[Recorded information — start]
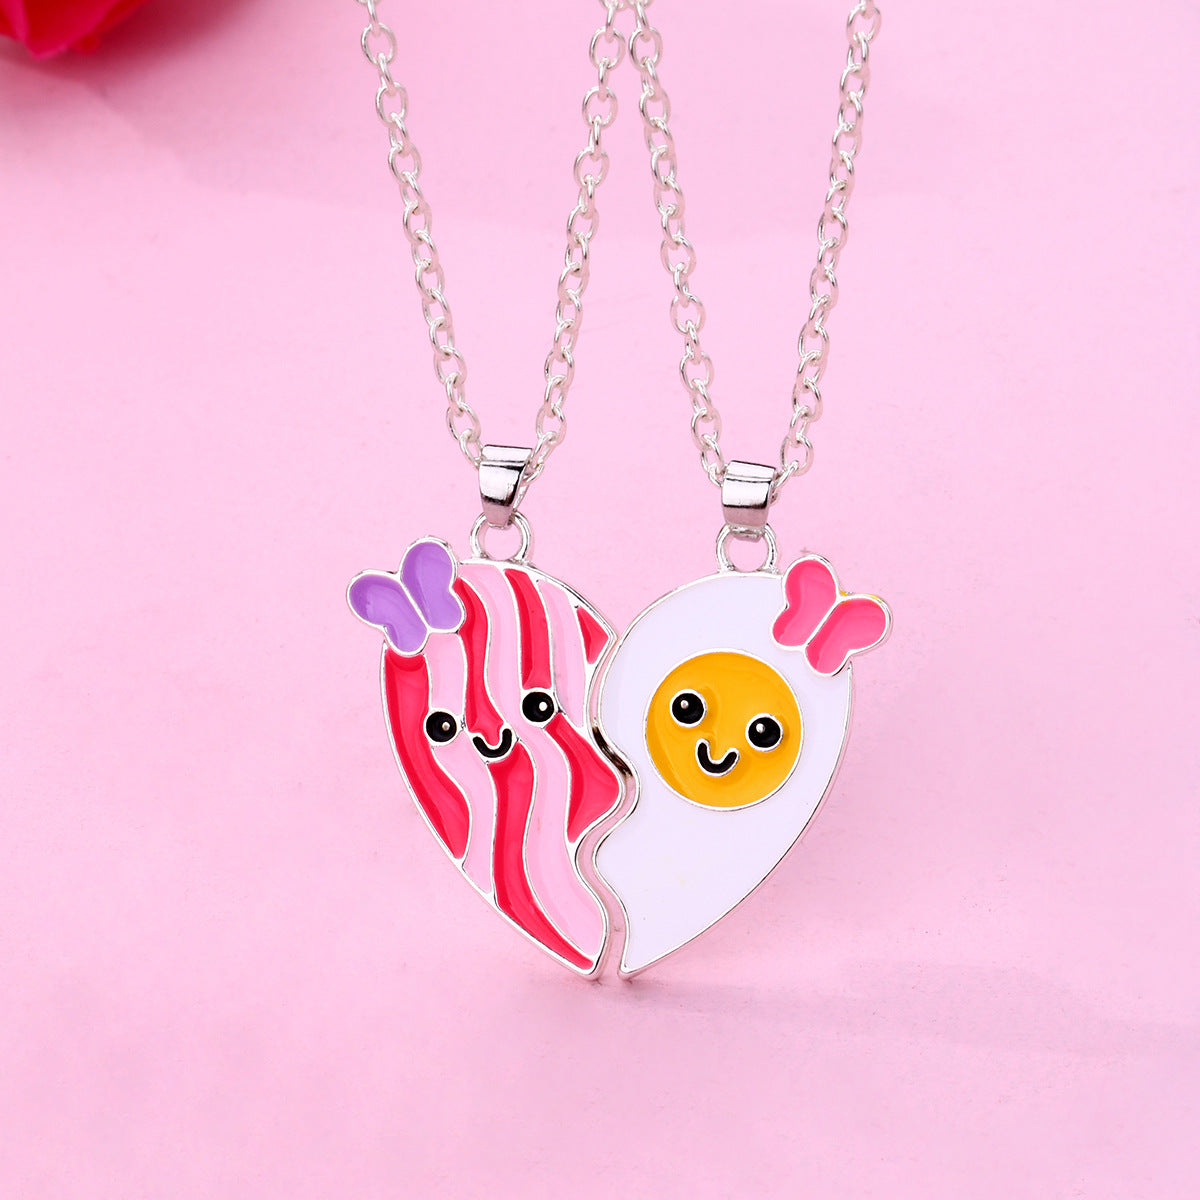 SkyWiseWin Best Friend Necklace for Kids, Color BFF Unicorn Necklace for  Children's Pack of 2 in Kenya | Whizz Pendants
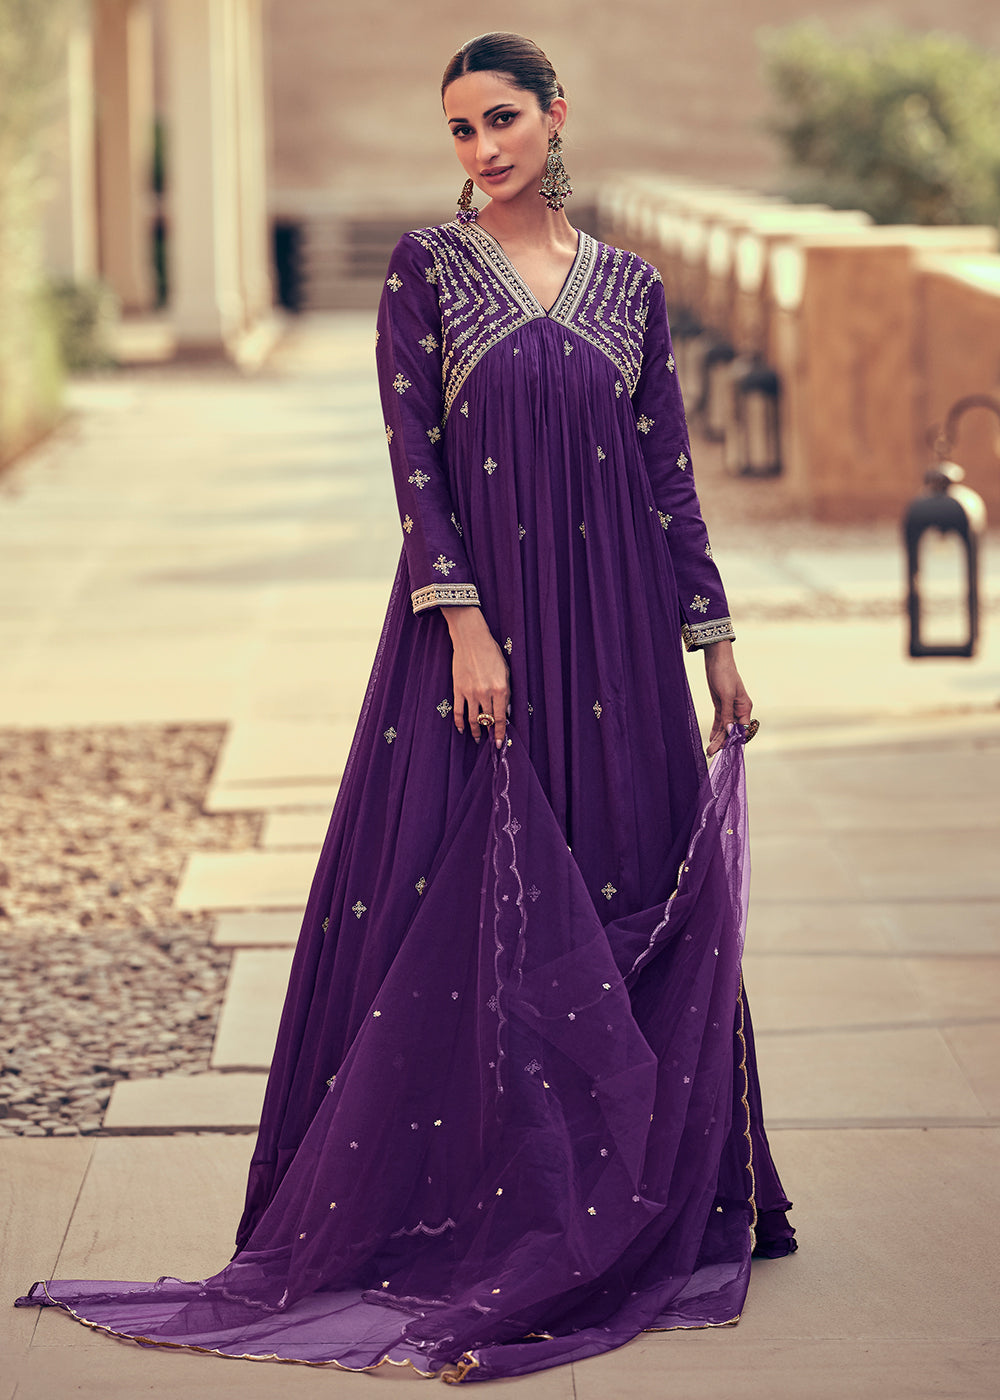 Buy Now Festive Style Purple Embroidered Chinnon Anarkali Suit Online in USA, UK, Australia, New Zealand, Canada & Worldwide at Empress Clothing.
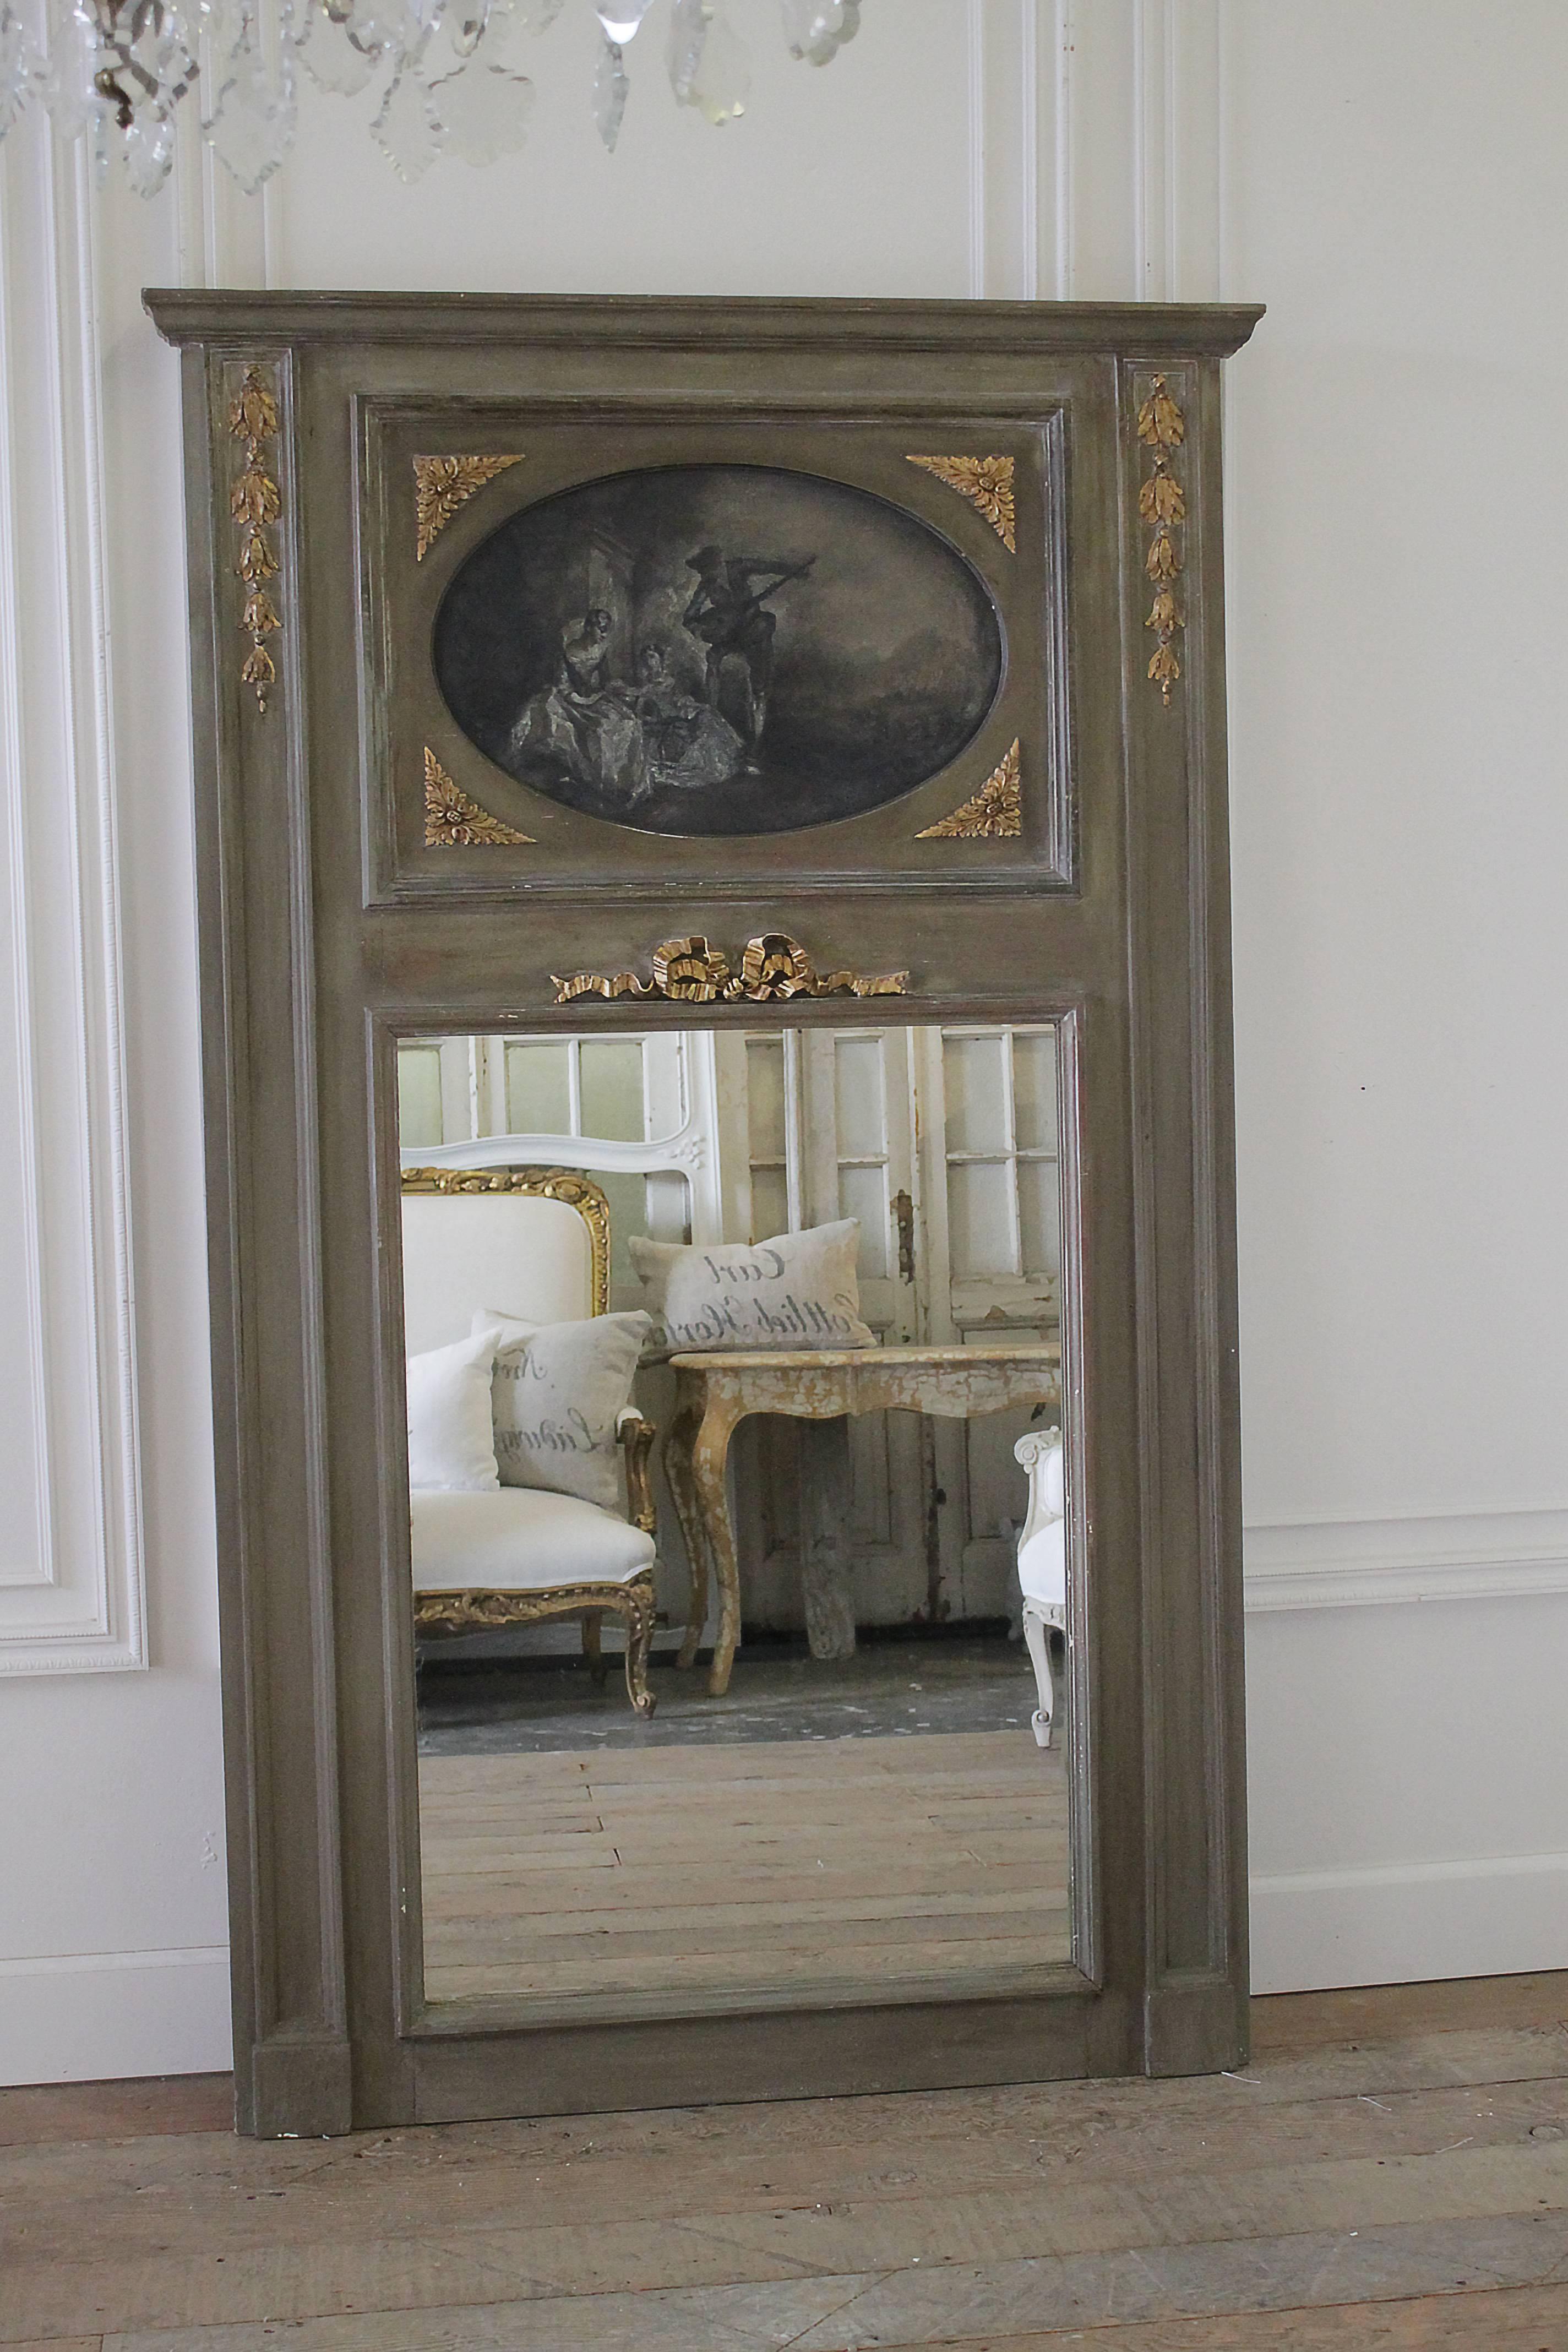 An early 20th century French pier mirror or trumeau, painted in a weathered grey tone and gilded, with oil on canvas picture inset at top in oval gilded frame with bow.
Measures: 44.5
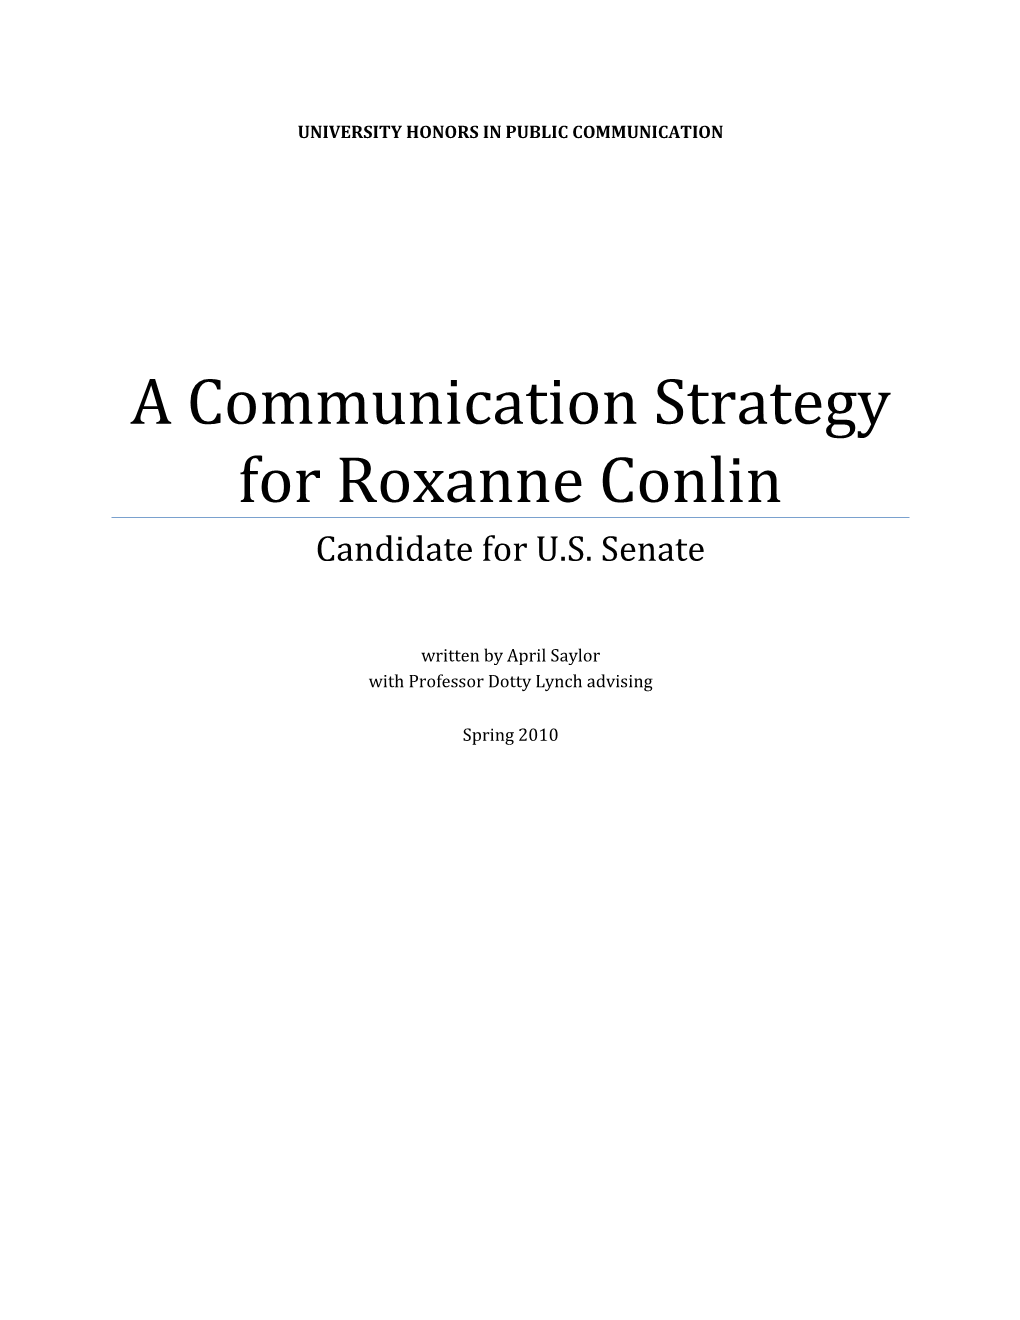 A Communication Strategy for Roxanne Conlin Candidate for U.S
[Recorded information — finish]
• **Task instructions**:
Exclude the pictures, then retype every record exactly.

• **Exercise result**:
 SkyWiseWin Best Friend Necklace for Kids, Color BFF Unicorn Necklace for  Children's Pack of 2 in Kenya | Whizz Pendants
 Buy Now Festive Style Purple Embroidered Chinnon Anarkali Suit Online in USA, UK, Australia, New Zealand, Canada & Worldwide at Empress Clothing.
 An early 20th century French pier mirror or trumeau, painted in a weathered grey tone and gilded, with oil on canvas picture inset at top in oval gilded frame with bow.
Measures: 44.5
 A Communication Strategy for Roxanne Conlin Candidate for U.S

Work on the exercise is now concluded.